ちまたでは、クルマは文化か道具かという議論があります。
F1や国内レースでたくさんの観客が応援に訪れ、クルマを題材にしたゲームや書籍にたくさん触れることができます。
モーターショーが開催されれば、連日何万人ものお客さんが訪れます。
旧車をずっと大事に乗り続ける人やオーナーズクラブが多数存在していることからも、日本国内においてクルマは文化であると言えるでしょう。

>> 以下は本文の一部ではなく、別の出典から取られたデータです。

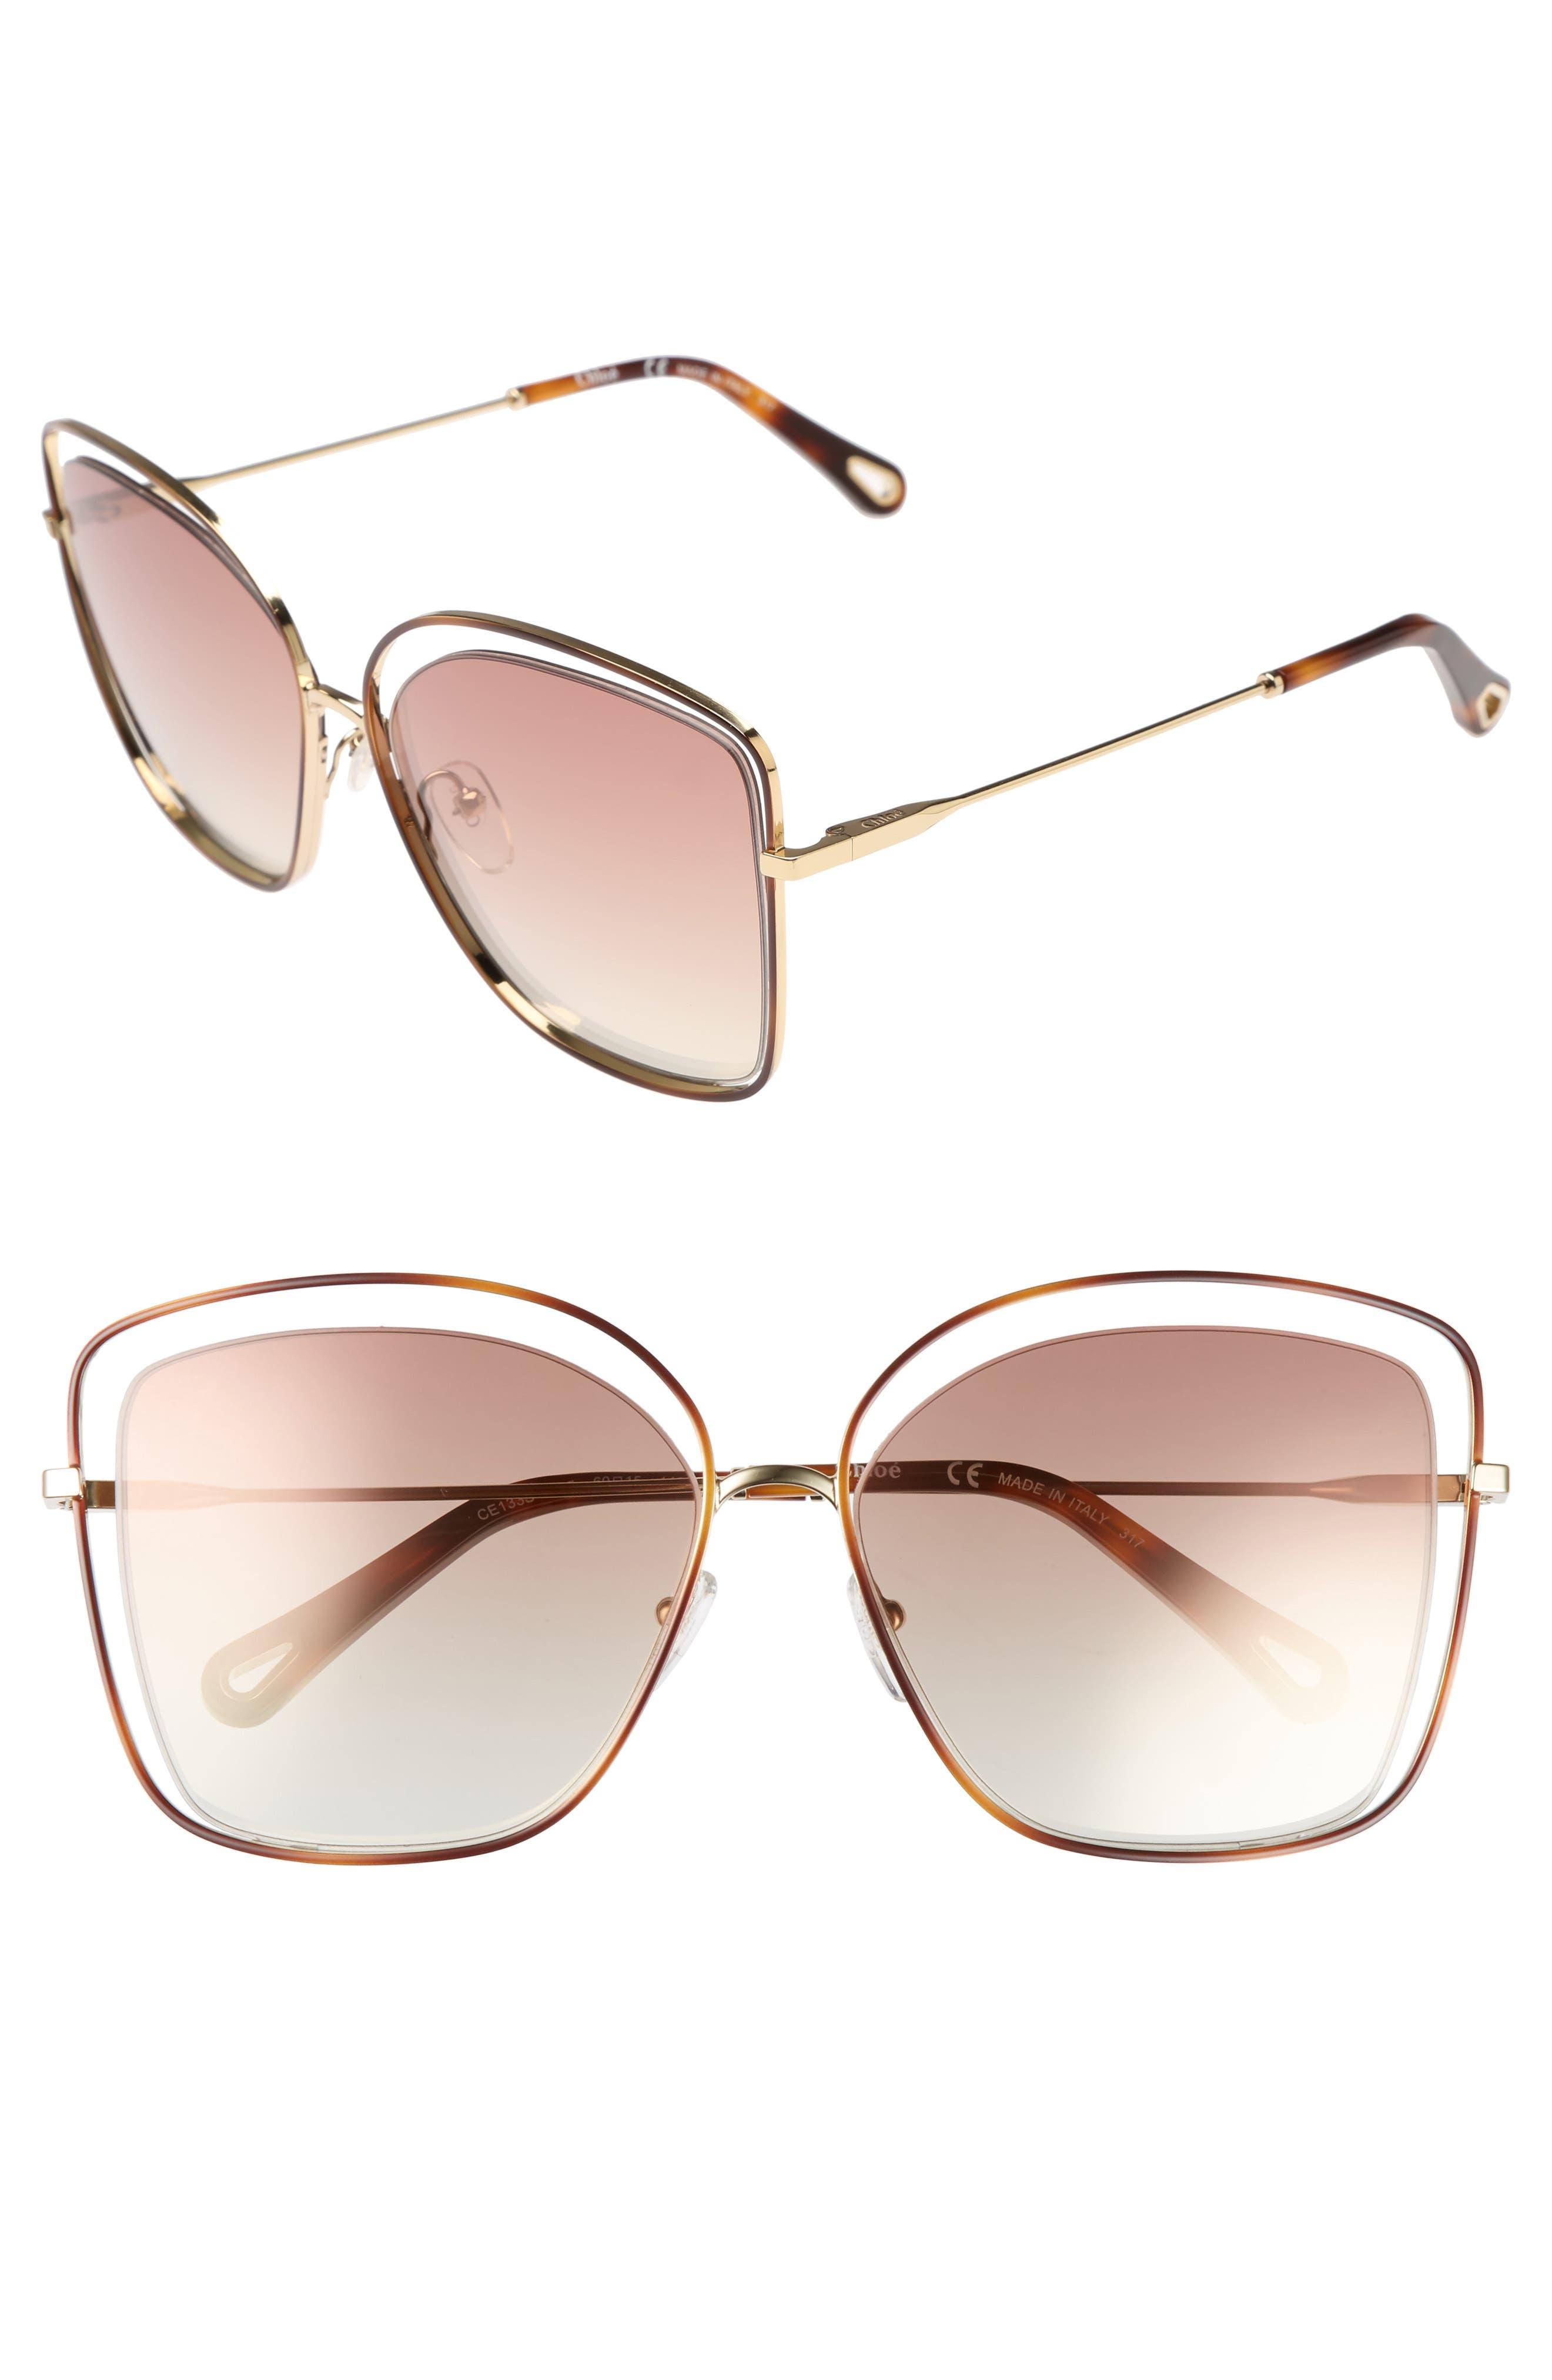 60mm Halo Frame Sunglasses,                             Main thumbnail 1, color,                             HAVANA/ BRONZE

そういった文化はあるけれども、近年の風潮をみると道具として重視される傾向にあります。
大都市部では公共交通機関で事足りる人が多く、地方では無ければ困る交通手段。
若年層の間では、クルマは維持費のかかる金食い虫。
消費税や自動車税の増税に、揮発油税と消費税の二重課税で持っているだけでお金がなくなる高級道具。
クルマは庶民にとって人や荷物を運ぶ便利な道具であり、役人にとっては手っ取り早く収入を上げる道具です。

クルマが好きな人はたくさんいる一方で、メカニズムがどうとか運転が楽しいかどうかではなく低燃費や乗車人数、積載量あるいは減税額でクルマを選ぶ人は多いです。
クルマを道具として割り切っているのです。

考えてみれば、それは一つの正しい考え方かもしれません。

他人と比較することを考えるからグレードを上げてみたり余計なオプションを付けてみたりして、本来自分が求めているものよりかけ離れたものを手に入れてしまうことがあります。
でも、あくまでも移動媒体だと割り切って考えれば、本来不要なものに惑わされずに済みます。

本来不要なものはあなたの生活をより便利にしてくれるかもしれませんが、相応の金銭や場所を負担しなければいけないことも意味します。
手に入れるときは舞い上がってそうした負担をわすれがちです。
そして、しばらく経って自分の選択を後悔するのです。

本来、あなたの人生をより良くするために道具があるのであって、道具を目的とする人生ではないはずです。

あくまでも道具と割り切って、シンプルに考えてみましょう。
その道具を手に入れることで得られるものには便利さやメリット、あるいは満足感があるでしょう。
しかしながら、購入費用だけでなく税金、場所、修繕費など相応の対価を支払っていかなければなりません。

どんな高額なものでも、あくまでも一個のものです。
見栄とか他人との比較など関係なしに、道具との付き合い方を一度見つめ直してもいいかもしれません。

背伸びせず人生観にあった道具を選ぼう。